AUTENTICAÇÃO DO USUÁRIO

Os usuários da Remix devem se autenticar com um e-mail e senha. As senhas são armazenadas apenas como hashes criptográficos unidirecionais, e nunca em texto puro.

‍

SEGURANÇA DO PESSOAL

A Remix formalizou as políticas e procedimentos de contratação, gestão de desempenho e práticas de rescisão. O acesso aos sistemas da empresa é removido o mais rápido possível, uma vez que não é mais necessário. A Remix realiza verificações completas de antecedentes pré-contratação, na medida do permitido por lei.

Processo

‍

SEGURANÇA NO DESENVOLVIMENTO DE APLICAÇÕES

Nossos desenvolvedores revisam padrões de codificação seguros aplicáveis aos ambientes, idiomas e plataformas em que estão trabalhando. Esses padrões podem incluir a garantia de controle de acesso aos dados, a higienização dos valores de entrada/saída e as violações de registro que podem indicar um ataque ou vulnerabilidade.

‍

DEVOLUÇÃO DE DADOS

A Remix pretende ser um guardião responsável dos dados do cliente, e apagará todos os dados do cliente a pedido ou no final da relação da Remix com o cliente. 

‍

GESTÃO DE CREDENCIAIS

Atualmente utilizamos o AWS Secrets Manager e AWS Parameter Store para armazenar e gerir todos os segredos na conta de dados do parceiro. Os segredos são automaticamente rodados em um horário regular. Todos os segredos são encriptados no descanso, utilizando chaves de assinatura geridas através do AWS Key Management Service, e encriptados em trânsito através de ligações seguras TLS. O acesso a segredos específicos é restrito aos serviços que necessitam de acesso, e aos engenheiros Remix que mantêm esses serviços.

‍

AVALIAÇÕES DE VULNERABILIDADE

A Remix traz periodicamente uma equipa externa para testar a nossa segurança, incluindo auditorias de conformidade e testes de penetração SOC-2. As avaliações são baseadas nas tendências atuais de ataque e verificação das melhores práticas (por exemplo, OWASP Top 10). As conclusões são revistas e corrigidas pelas nossas equipas técnicas.

‍

AUDITORIA

É nossa política registrar todas as ações tomadas por um usuário ou serviço (usando uma função) e reportar esses registros automaticamente ao AWS CloudTrail.

Privacidade

USO DE DADOS

A nossa missão é ajudar a construir cidades mais habitáveis. Fazemos ferramentas de software que as cidades utilizam para entender os sistemas de transporte urbano multimodal e melhorar a segurança, o acesso à mobilidade e a sustentabilidade nas comunidades. Onde essas ferramentas incorporam dados de mobilidade, nossos contratos com cidades e empresas de mobilidade regem nosso acesso aos dados e limitam o que podemos e não podemos fazer com eles.
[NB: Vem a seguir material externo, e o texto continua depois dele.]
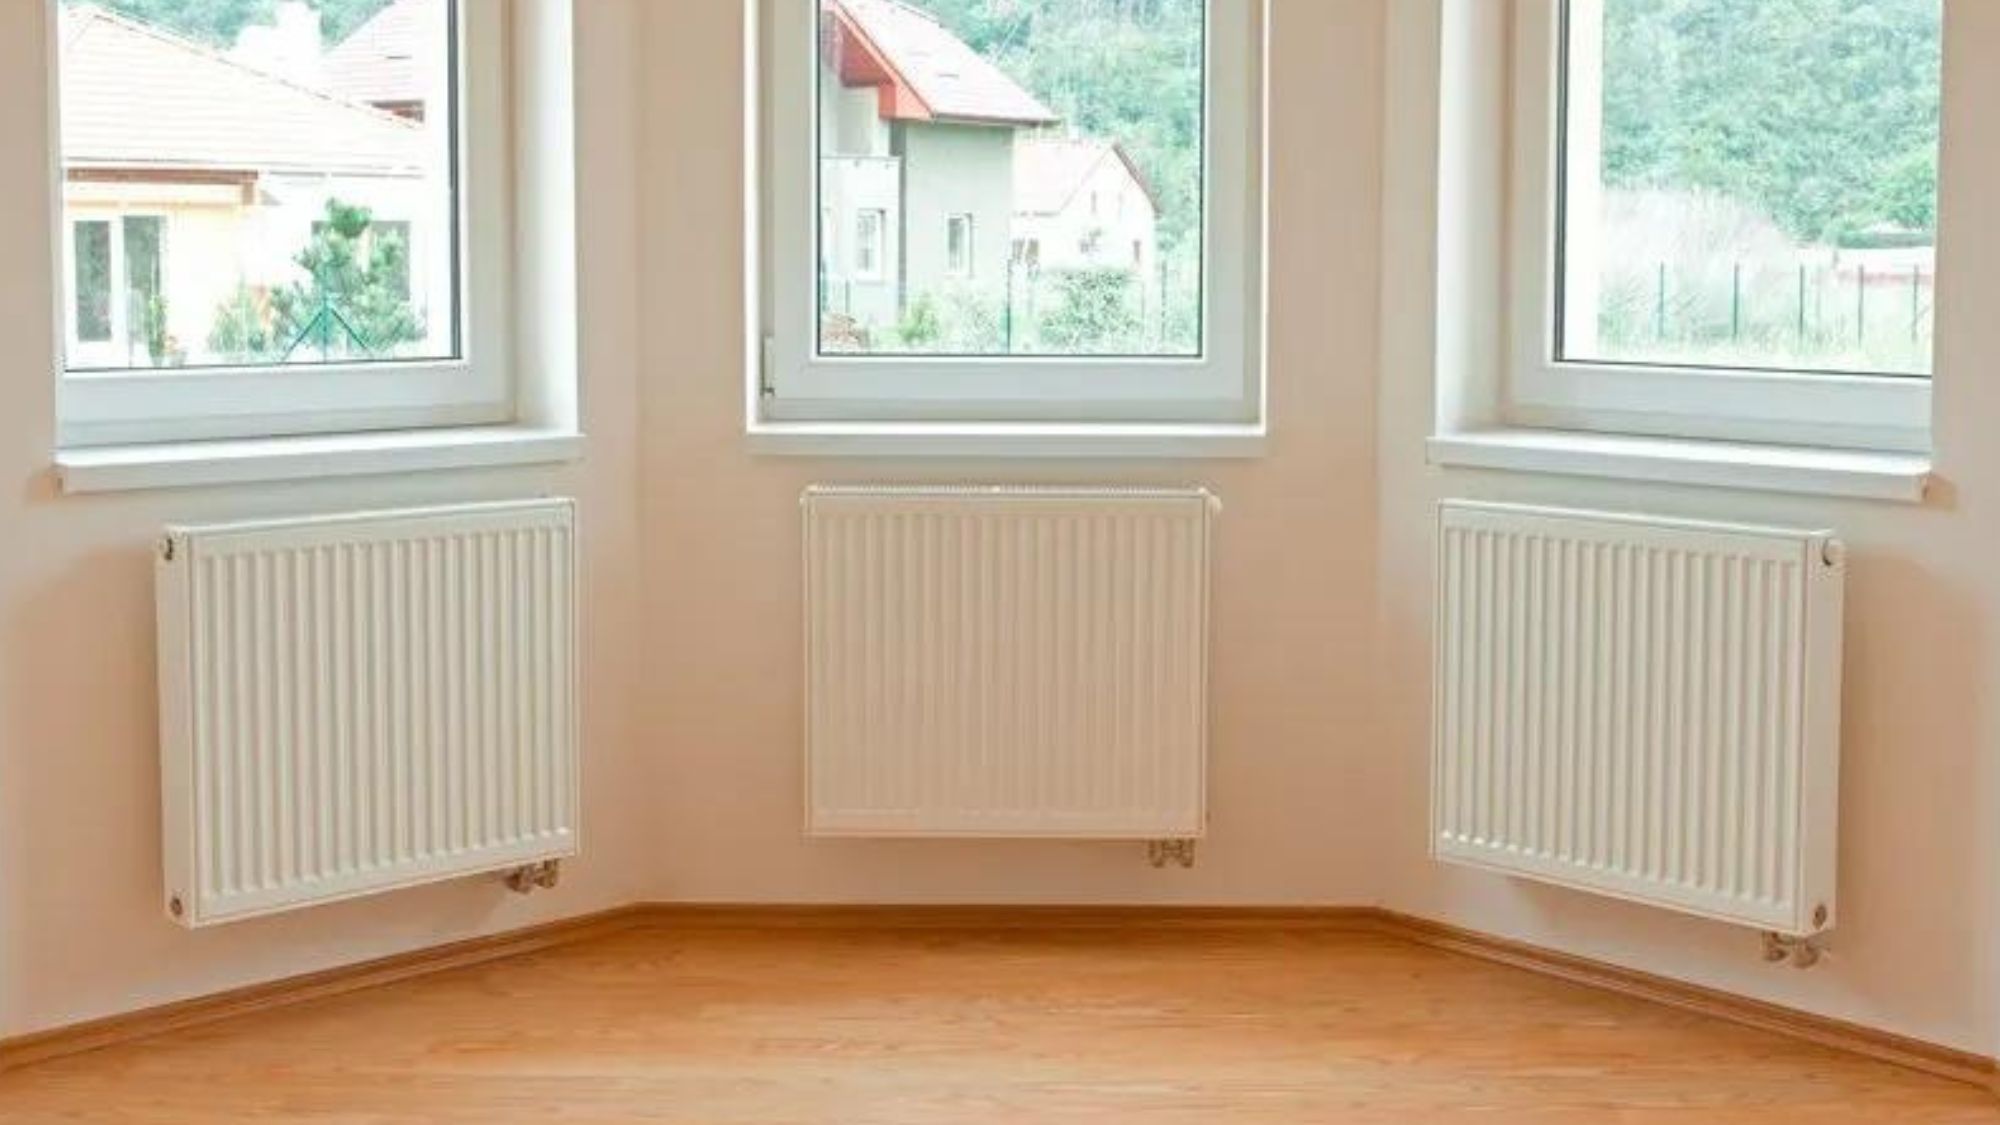 An assortment of eco-friendly radiators in a room

Recebemos as nossas receitas da construção de grandes tecnologias e serviços. A publicidade não faz parte do nosso modelo de negócio e não vendemos informações pessoais.

COMPARTILHAMENTO DE DADOS

A Remix tem obrigações contratuais para com os clientes da cidade que regem a nossa capacidade de recolher, utilizar, partilhar, proteger e apagar vários dados que nos são fornecidos.